Assigned task =>
Print, exactly as they stand, the lines below from the one that has "Creme Barreira Cold Cream 200g" to the one that has "Super Princess Peach", inclusive, leaving out the pictures.

Supplied records =>
--- START ---

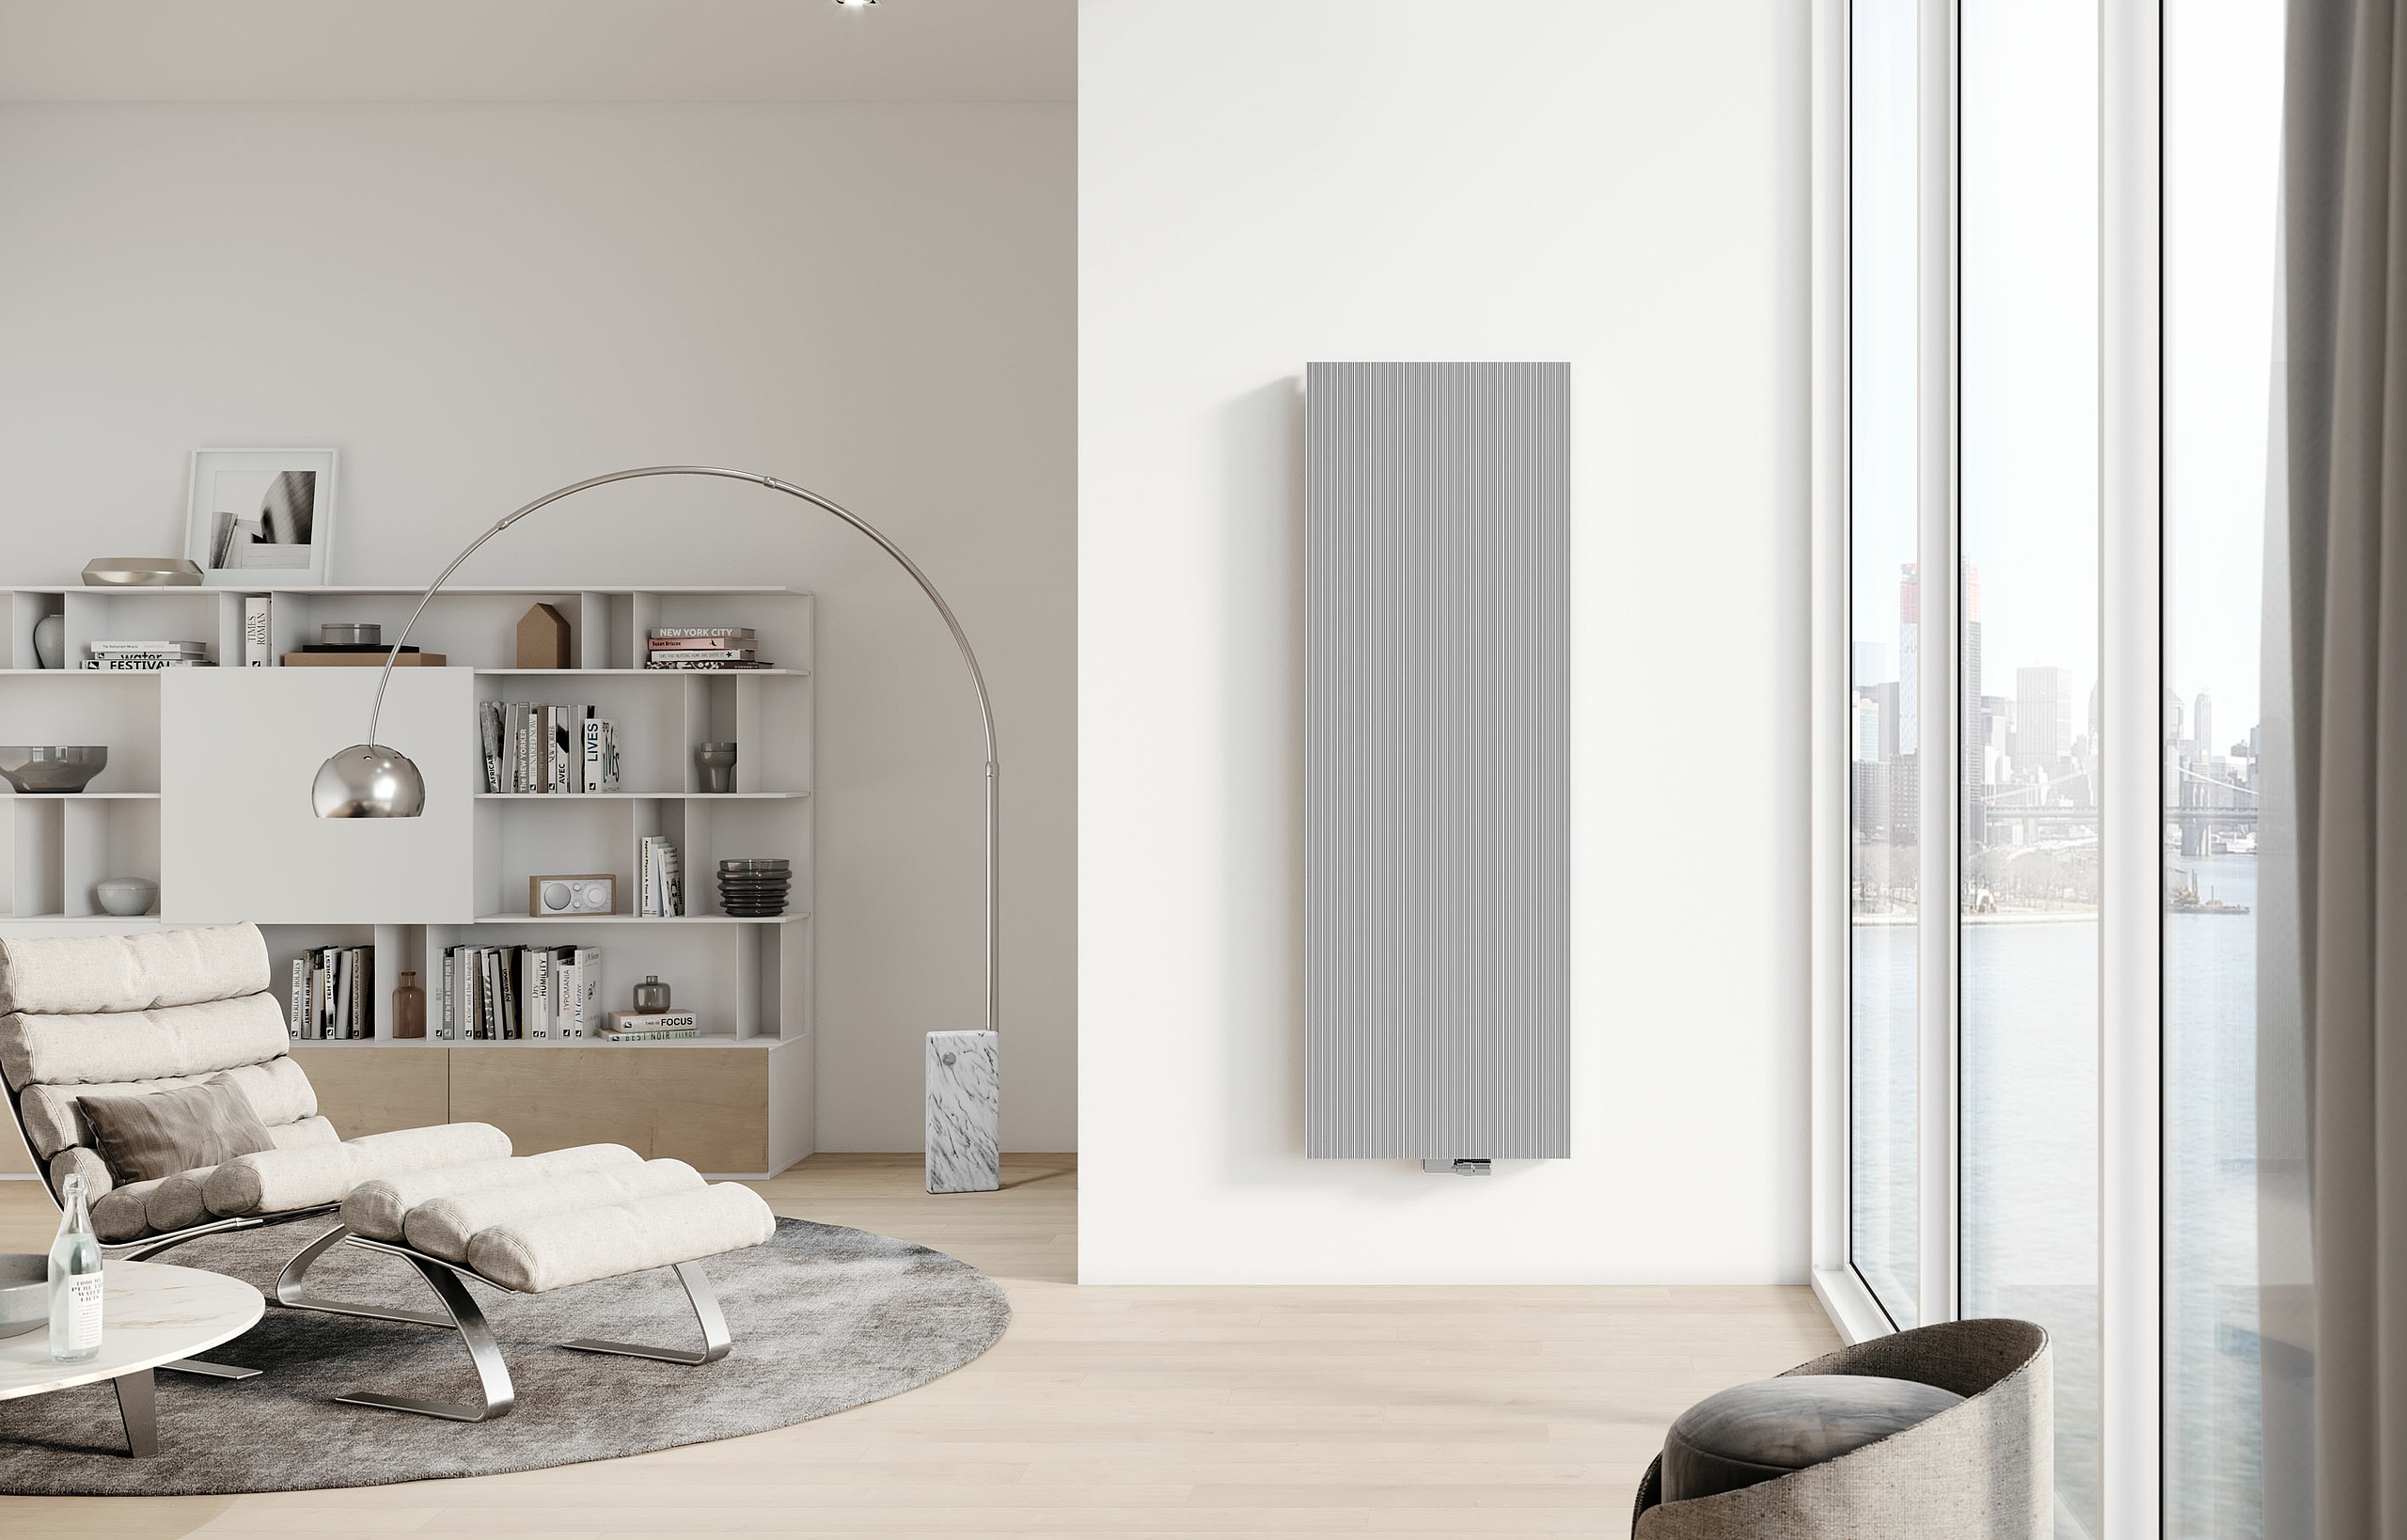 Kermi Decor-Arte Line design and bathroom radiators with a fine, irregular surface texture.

--- END ---
--- START ---

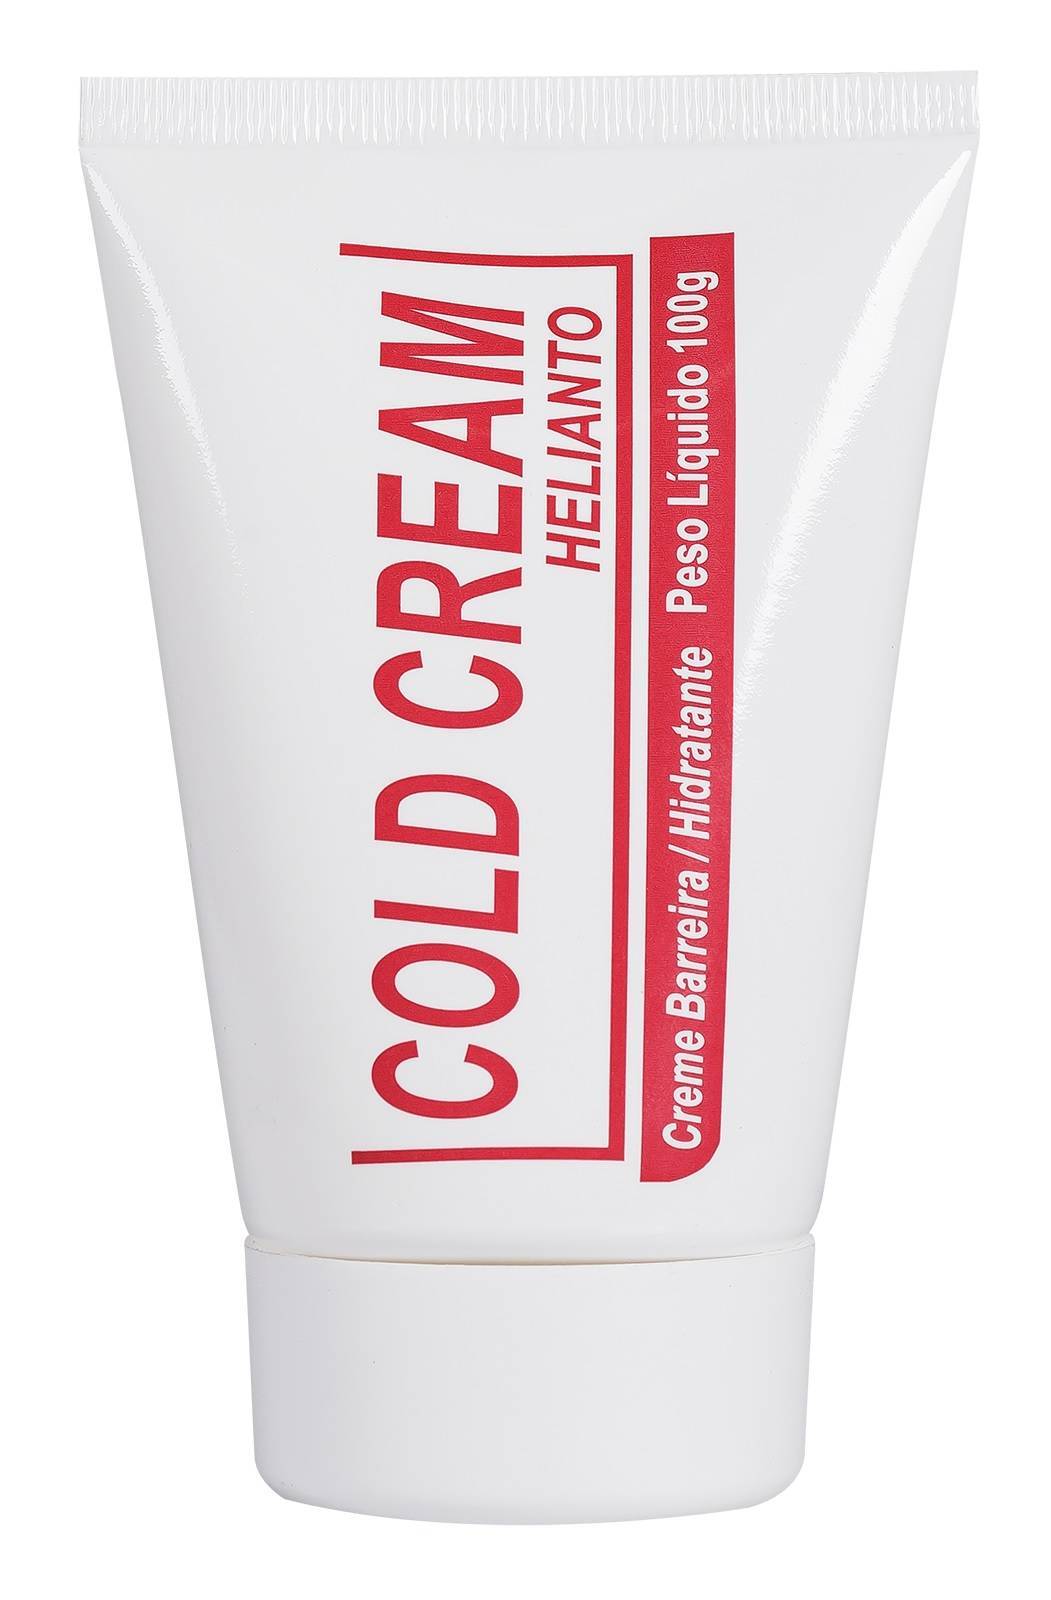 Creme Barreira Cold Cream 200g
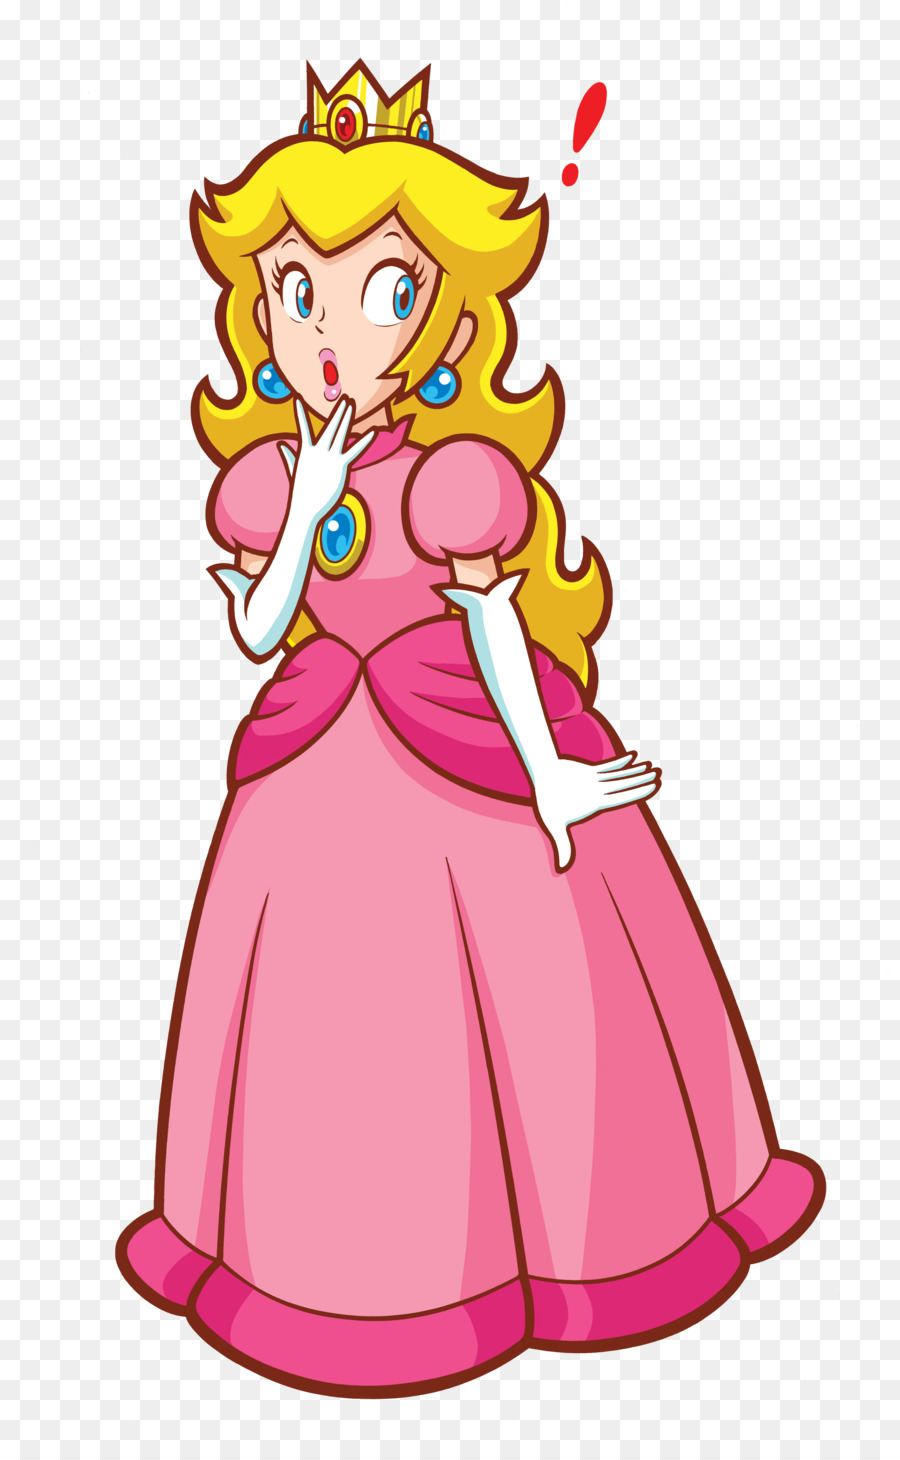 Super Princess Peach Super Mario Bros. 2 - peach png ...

--- END ---
--- START ---

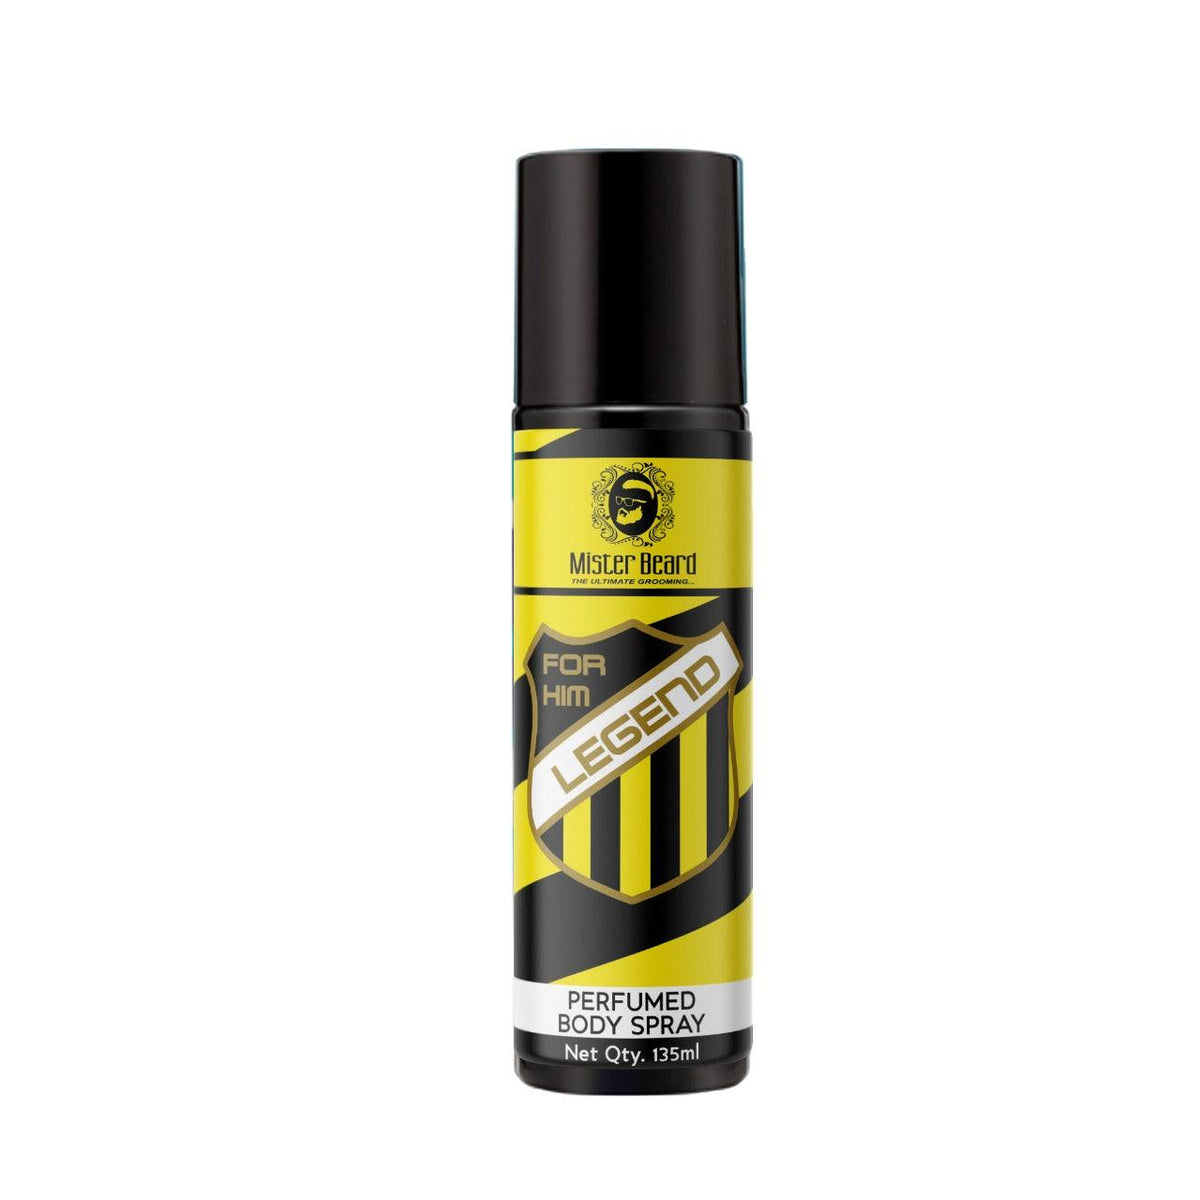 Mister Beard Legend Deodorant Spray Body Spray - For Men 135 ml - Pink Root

--- END ---

Exercise answer =>
 Creme Barreira Cold Cream 200g
 Super Princess Peach Super Mario Bros. 2 - peach png ...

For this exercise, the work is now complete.